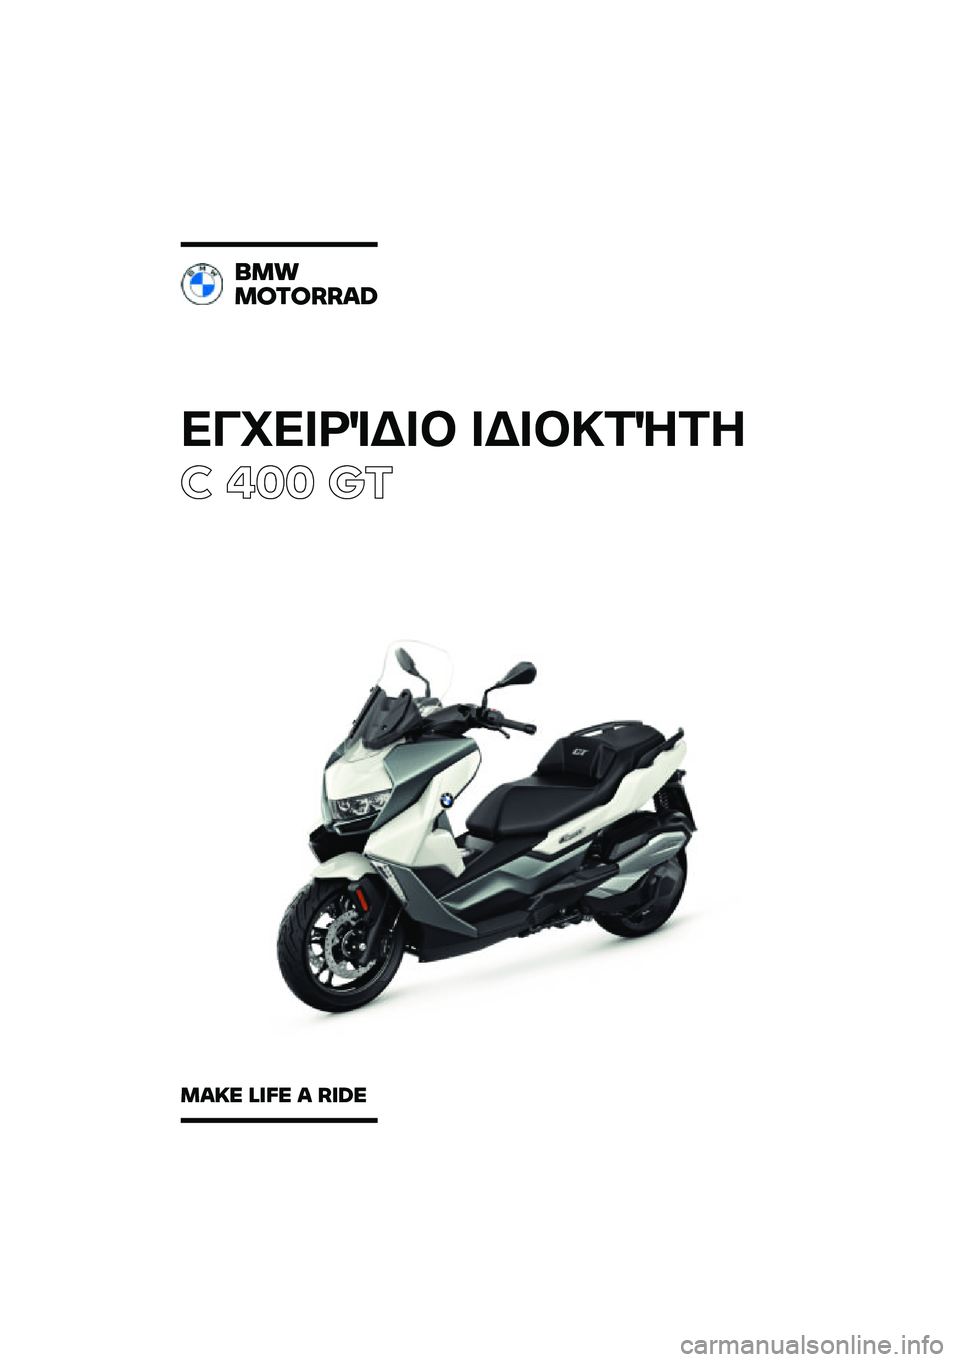 BMW MOTORRAD C 400 GT 2021  Εγχειρίδιο ιδιοκτήτη (in Greek) ��������\b��	 ��\b��	�
��\f��
� ��� ��\b
���
�������\b�	
��\b�
� �\f�
�� �\b ��
�	� 
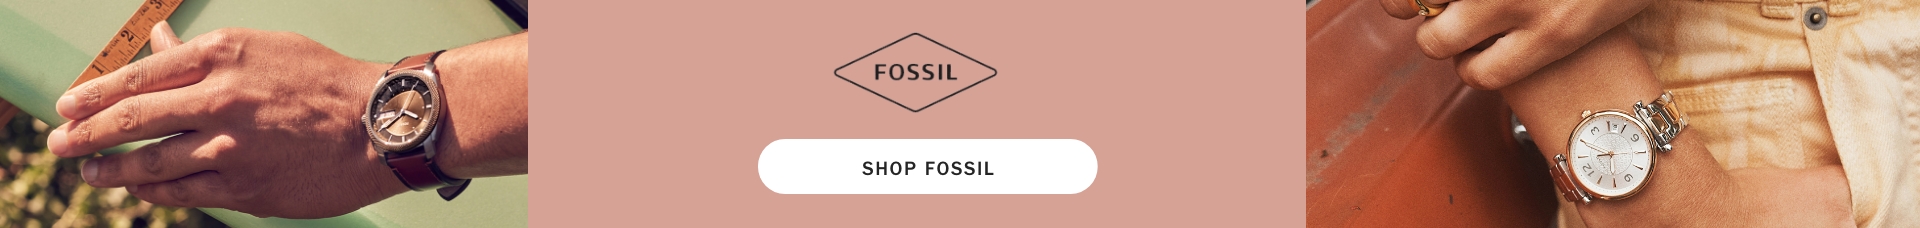 Fossil Brand Banner
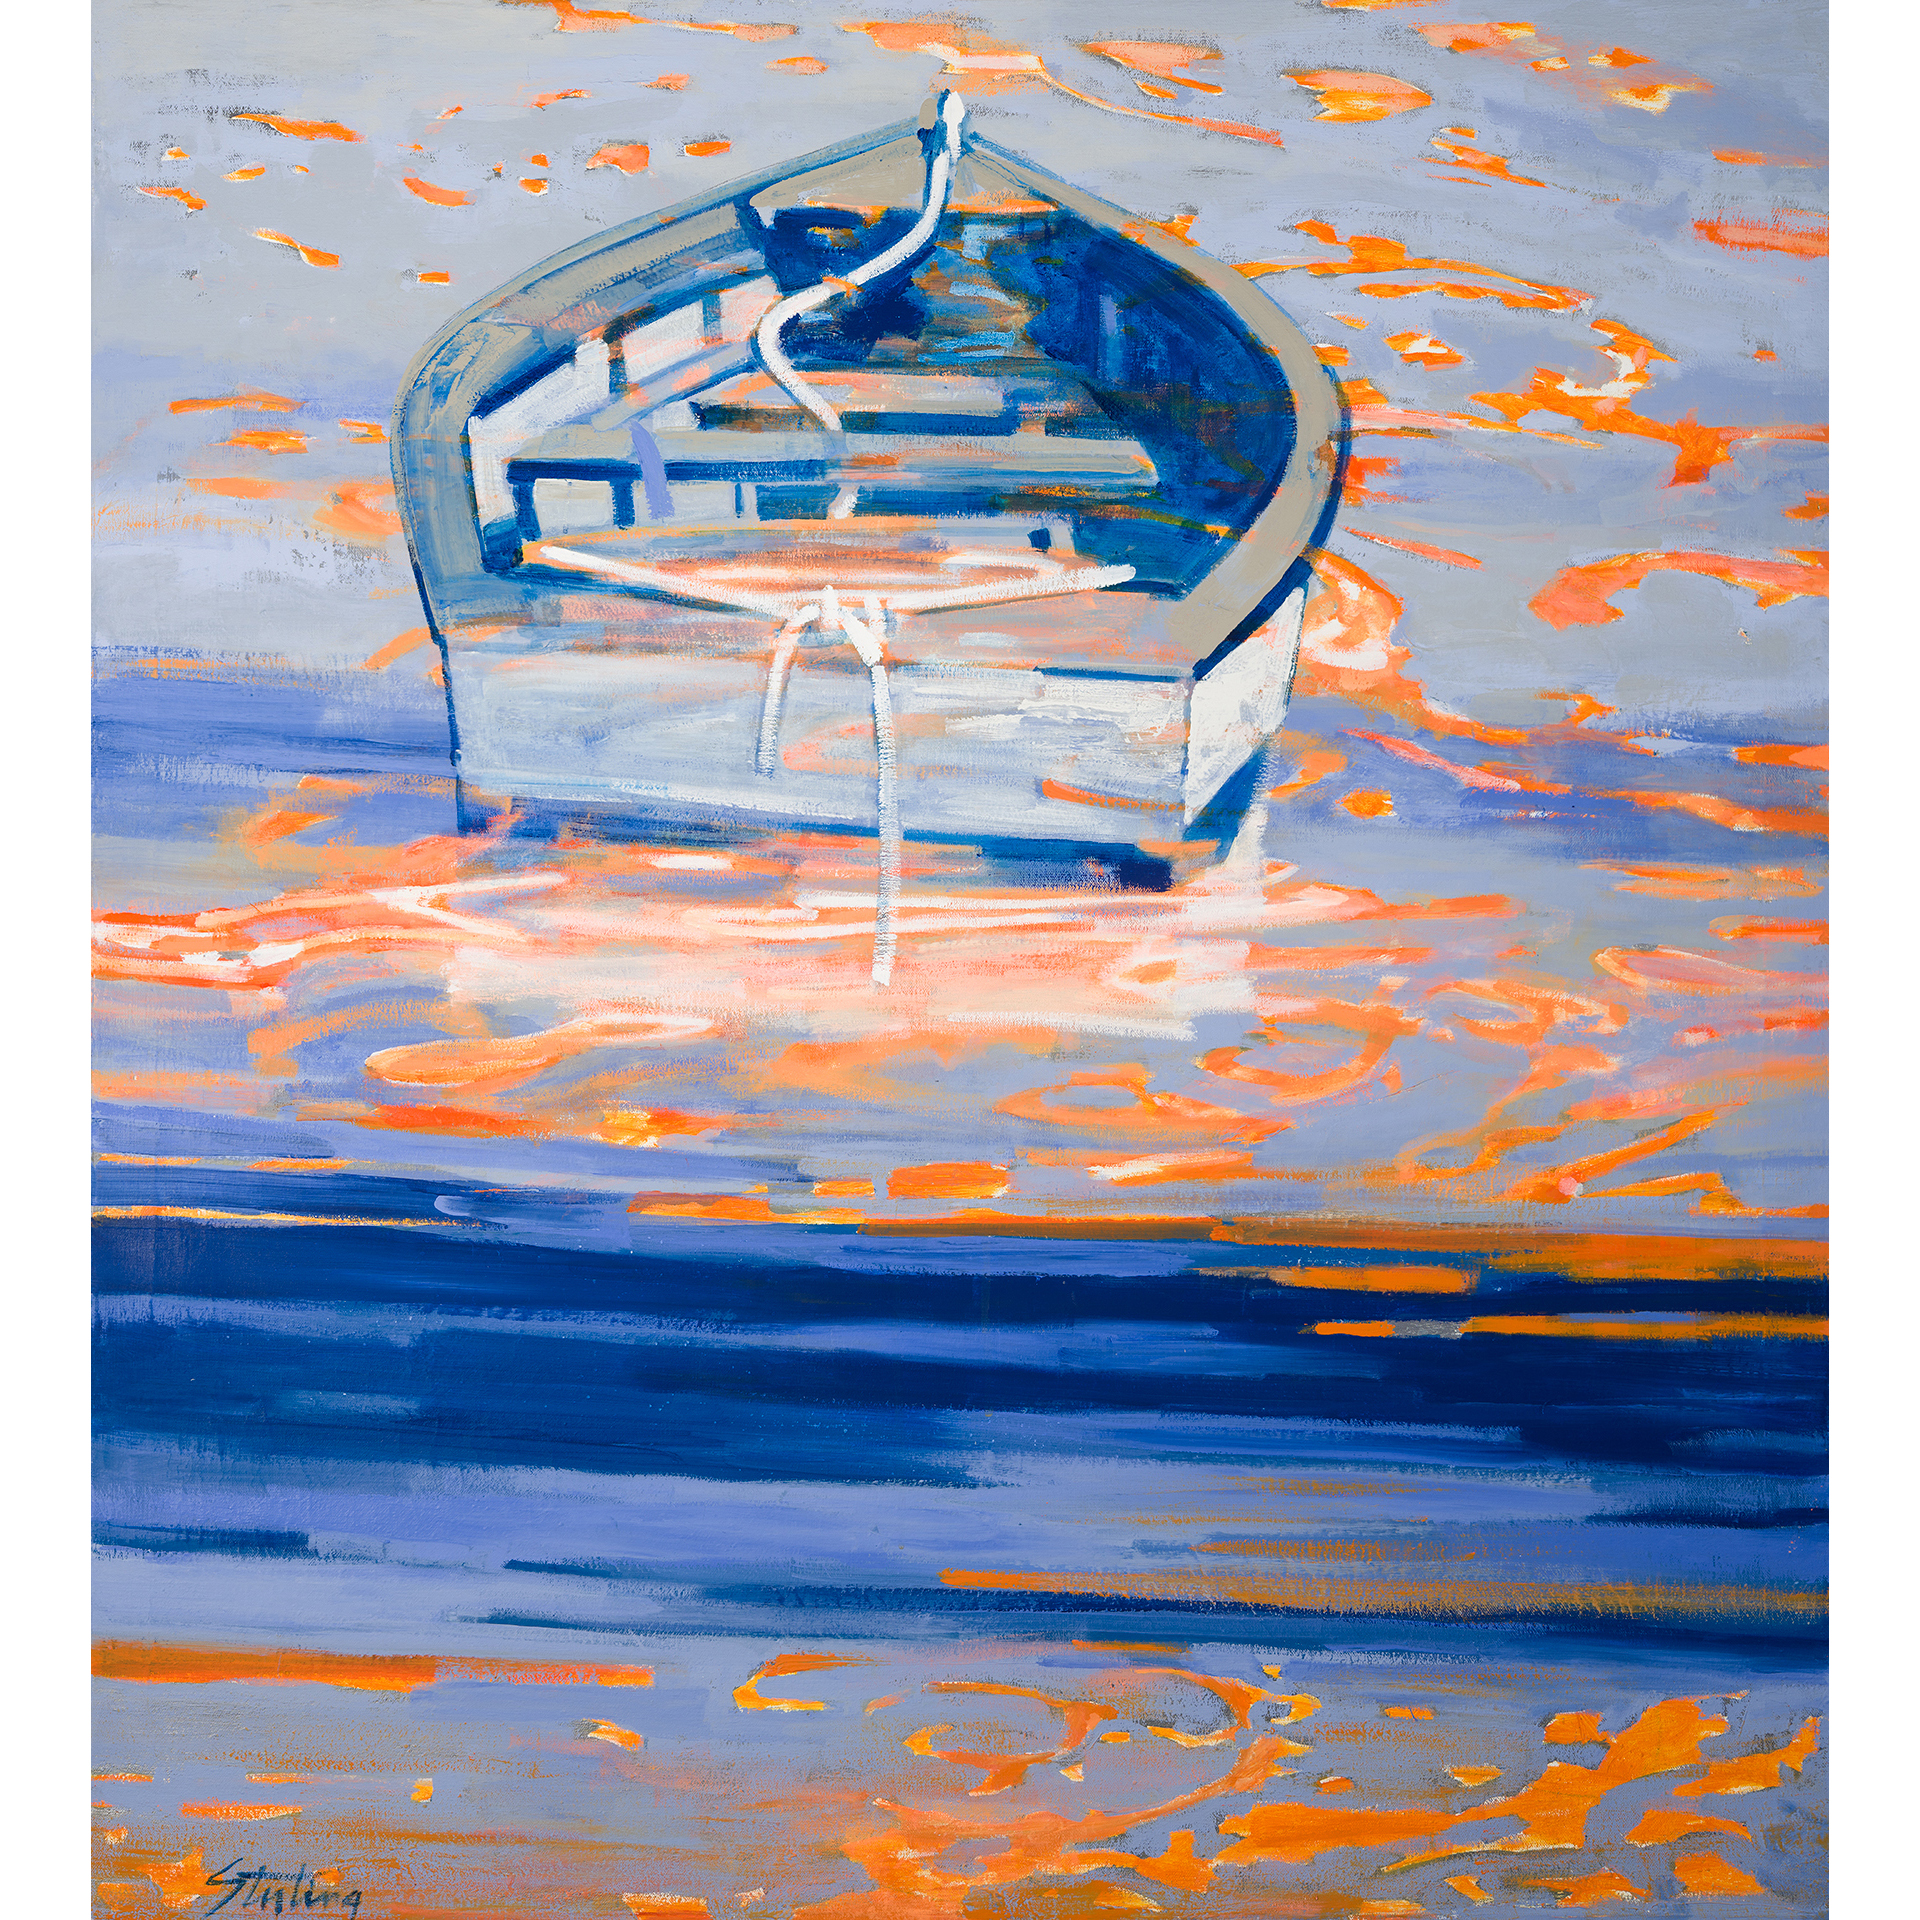 SMOKE ON THE WATER
44x40
acrylic on canvas
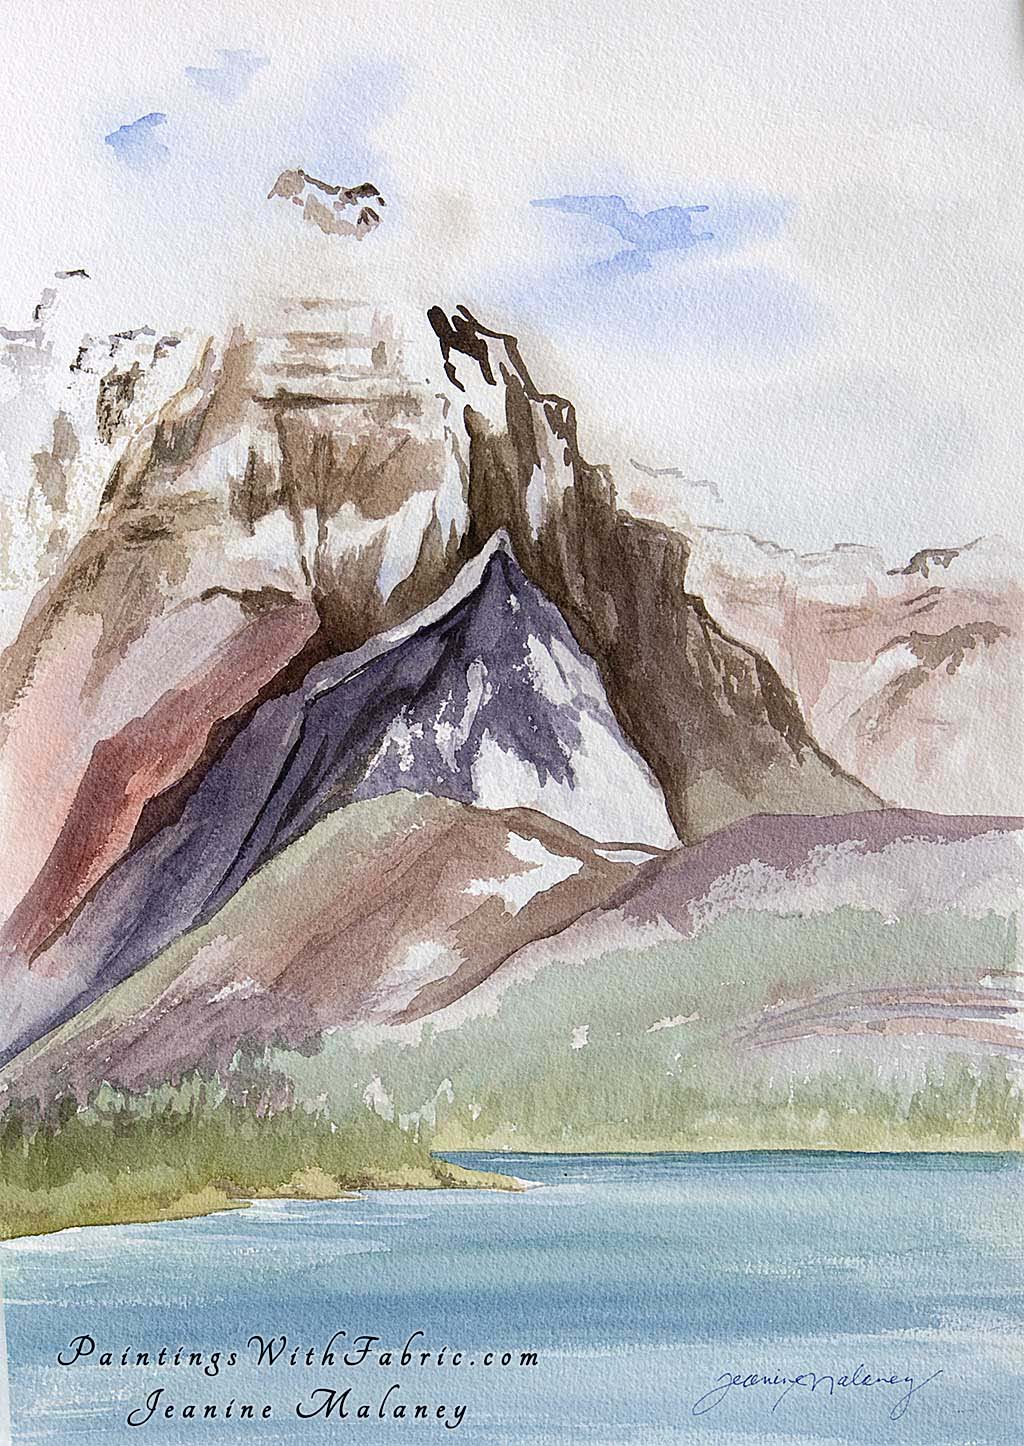 Many Glacier Unframed Original Watercolor Painting of a western mountain landscape of Glacier National Park

• Activity:
Nothing but the lines from the beginning of the material through the line with "acrylic on canvas" should appear, printed exactly, with no pictures among them.

• Expected answer:
 BMW MOTORRAD C 400 GT 2021  Εγχειρίδιο ιδιοκτήτη (in Greek) ��������\b��	 ��\b��	�
��\f��
� ��� ��\b
���
�������\b�	
��\b�
� �\f�
�� �\b ��
�	� 
 Fossil Brand Banner
 SMOKE ON THE WATER
44x40
acrylic on canvas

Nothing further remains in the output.